NULL (default) or a list of arguments to be passed to calls to E from (a) MDEstimator (here this additional argument is only used if initial.est is missing), (b) getStartIC, and (c) kStepEstimator. Potential clashes with arguments of the same name in ... are resolved by inserting the items of argument list E.argList as named items, so in case of collisions the item of E.argList overwrites the existing one from ....

diagnostic

logical; if TRUE, diagnostic information on the performed integrations is gathered and shipped out as attributes kStepDiagnostic (for the kStepEstimator-step) and diagnostic for the remaining steps of the return value of roptest.

Details

Computes the optimally robust estimator for a given L2 differentiable parametric family. The computation uses a k-step construction with an appropriate initial estimate; cf. also kStepEstimator. Valid candidates are e.g. Kolmogorov(-Smirnov) or von Mises minimum distance estimators (default); cf. Rieder (1994) and Kohl (2005).

Before package version 0.9, this computation was done with the code of function roptest.old (with the same formals). From package version 0.9 on, this function uses the modularized function robest internally.

If the amount of gross errors (contamination) is known, it can be specified by eps. The radius of the corresponding infinitesimal contamination neighborhood is obtained by multiplying eps by the square root of the sample size.

If the amount of gross errors (contamination) is unknown, try to find a rough estimate for the amount of gross errors, such that it lies between eps.lower and eps.upper.

In case eps.lower is specified and eps.upper is missing, eps.upper is set to 0.5. In case eps.upper is specified and eps.lower is missing, eps.lower is set to 0.

If neither eps nor eps.lower and/or eps.upper is specified, eps.lower and eps.upper are set to 0 and 0.5, respectively.

If eps is missing, the radius-minimax estimator in sense of Rieder et al. (2001, 2008), respectively Section 2.2 of Kohl (2005) is returned.

Finite-sample and higher order results suggest that the asymptotically optimal procedure is to liberal. Using fsCor the radius can be modified - as a rule enlarged - to obtain a more conservative estimate. In case of normal location and scale there is function finiteSampleCorrection which returns a finite-sample corrected (enlarged) radius based on the results of large Monte-Carlo studies.
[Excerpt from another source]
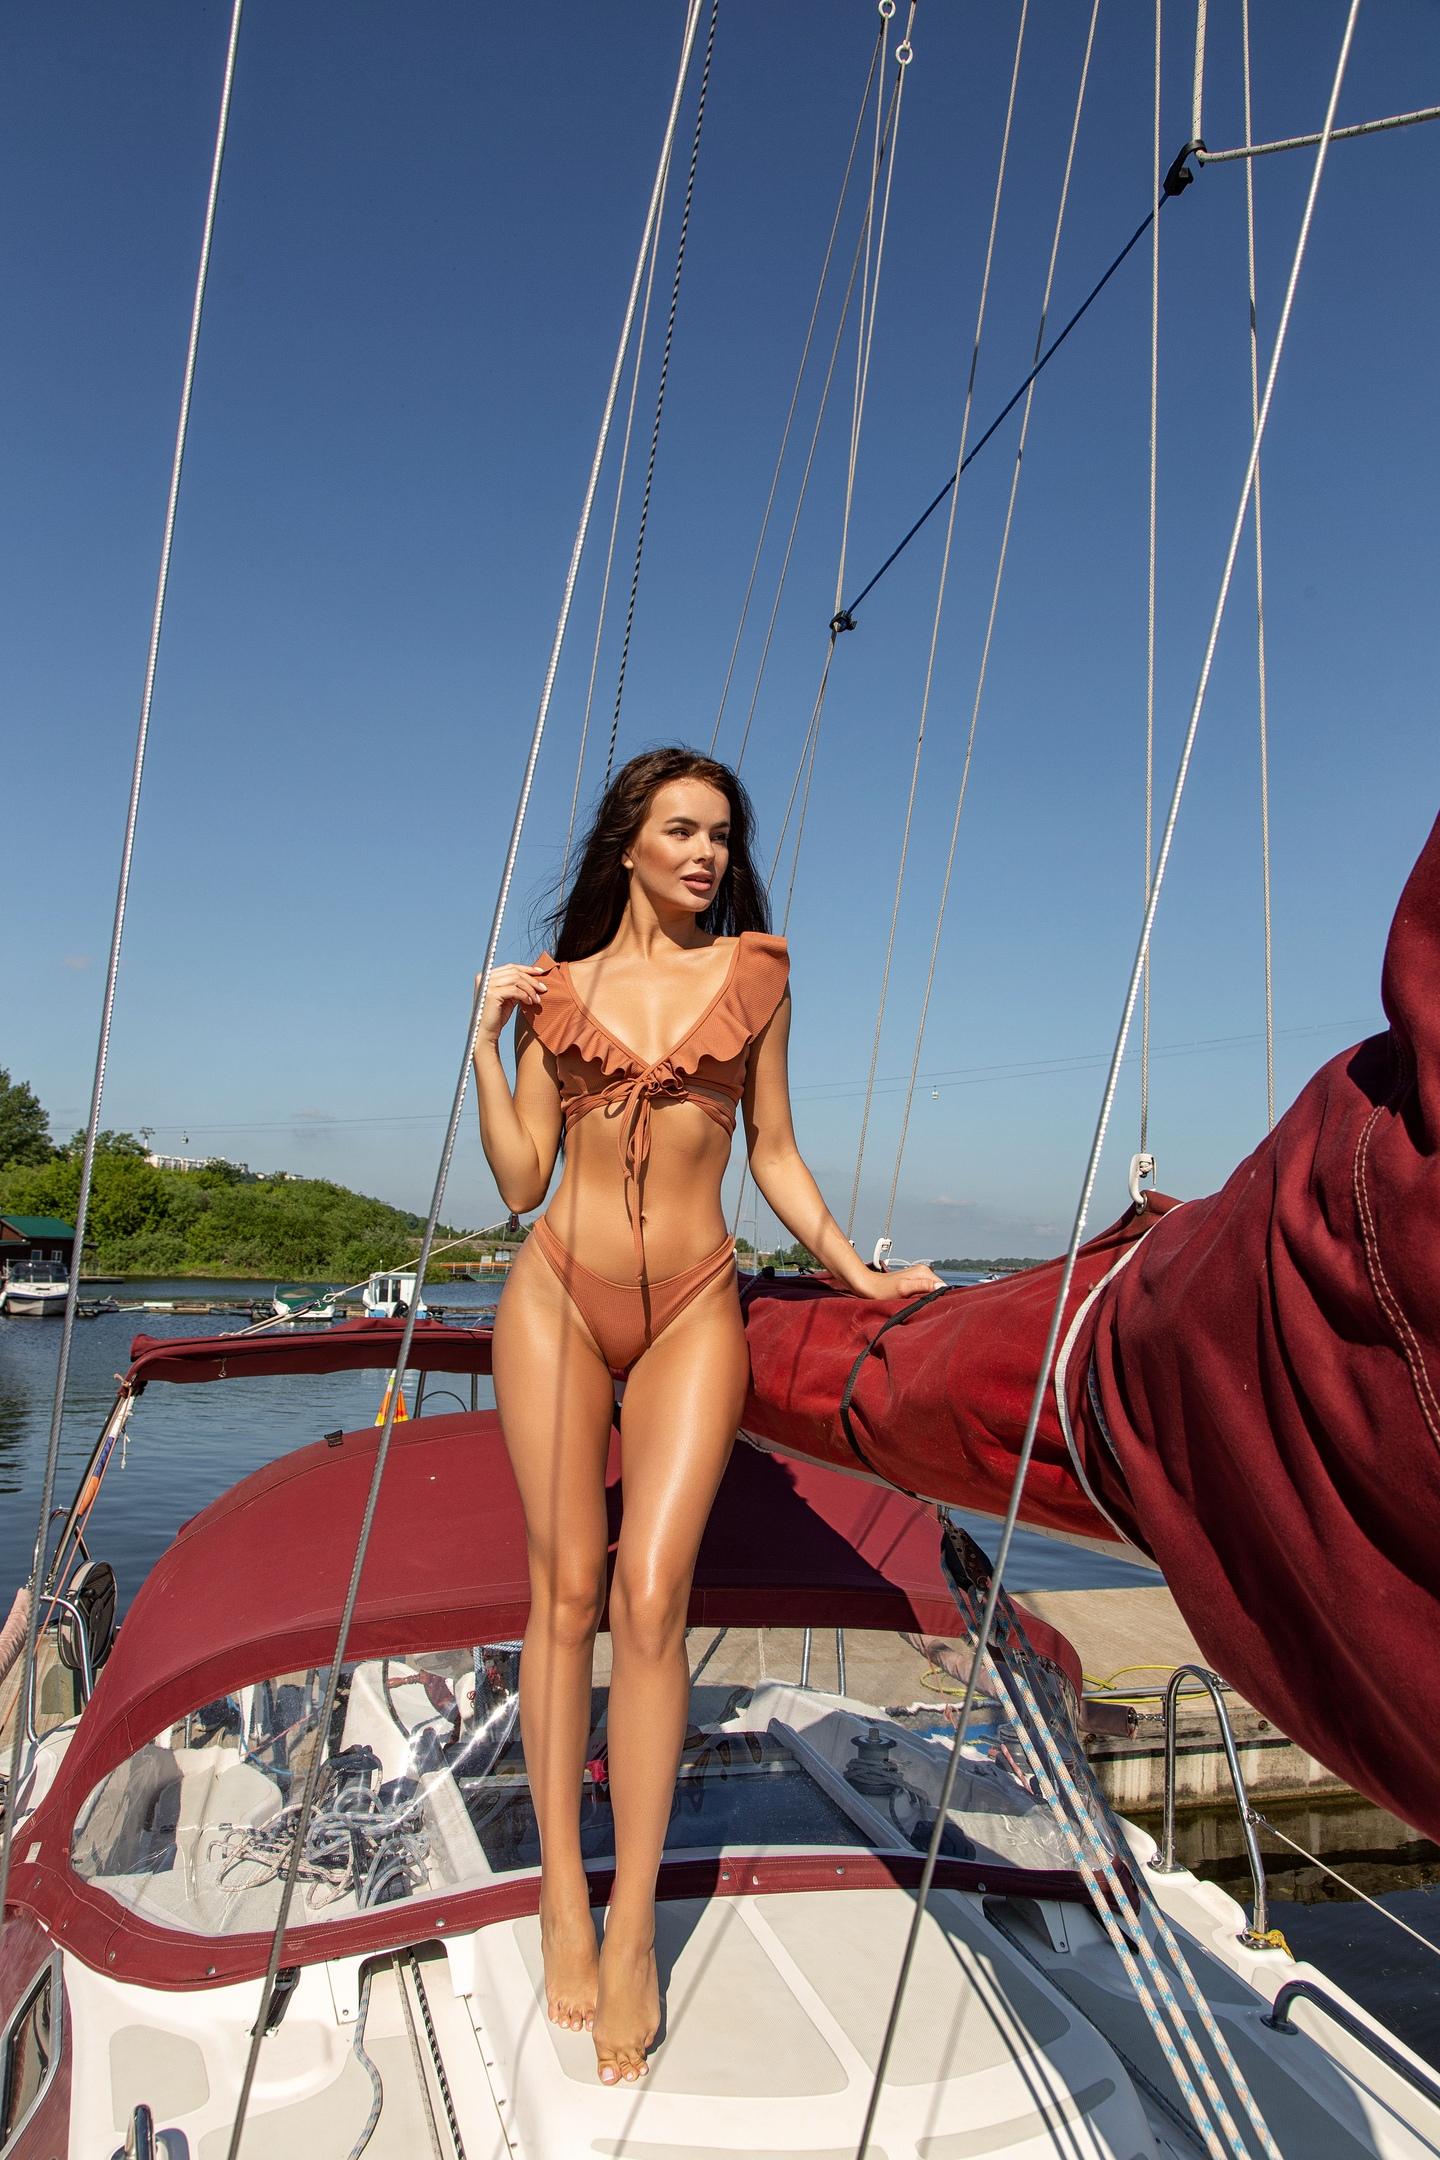 People 1440x2160 women brunette bikini yacht women outdoors water long hair the gap Kristina Borisova

The logic in argument initial.est is as follows: It can be a numeric vector of the length of the unknow parameter or a function or it can be missing. If it is missing, one consults argument startPar for a search interval (if a one dimensional unknown parameter) or a starting value for the search (if the dimension of the unknown parameter is larger than one). If startPar is missing, too, it takes the value from the corresponding slot of argument L2Fam. Then, if argument withMDE is TRUE a Minimum-Distance estimator is computed as initial value initial.est with distance as specified in argument distance and possibly further arguments as passed through ....

In the next step, the value of initial.est (either if not missing from beginning or as computed through the MDE) is then passed on to kStepEstimator.start which then takes out the essential information for the sequel, i.e., a numeric vector of the estimate.

At this initial value the optimal influence curve is computed through interface getStartIC, which in turn, depending on the risk calls optIC, radiusMinimaxIC, or computes the IC from precomputed grid values in case of risk being of class interpolRisk. With the obtained optimal IC, kStepEstimator is called.

The default value of argument useLast is set by the global option kStepUseLast which by default is set to FALSE. In case of general models useLast remains unchanged during the computations. However, if slot CallL2Fam of IC generates an object of class "L2GroupParamFamily" the value of useLast is changed to TRUE. Explicitly setting useLast to TRUE should be done with care as in this situation the influence curve is re-computed using the value of the one-step estimate which may take quite a long time depending on the model.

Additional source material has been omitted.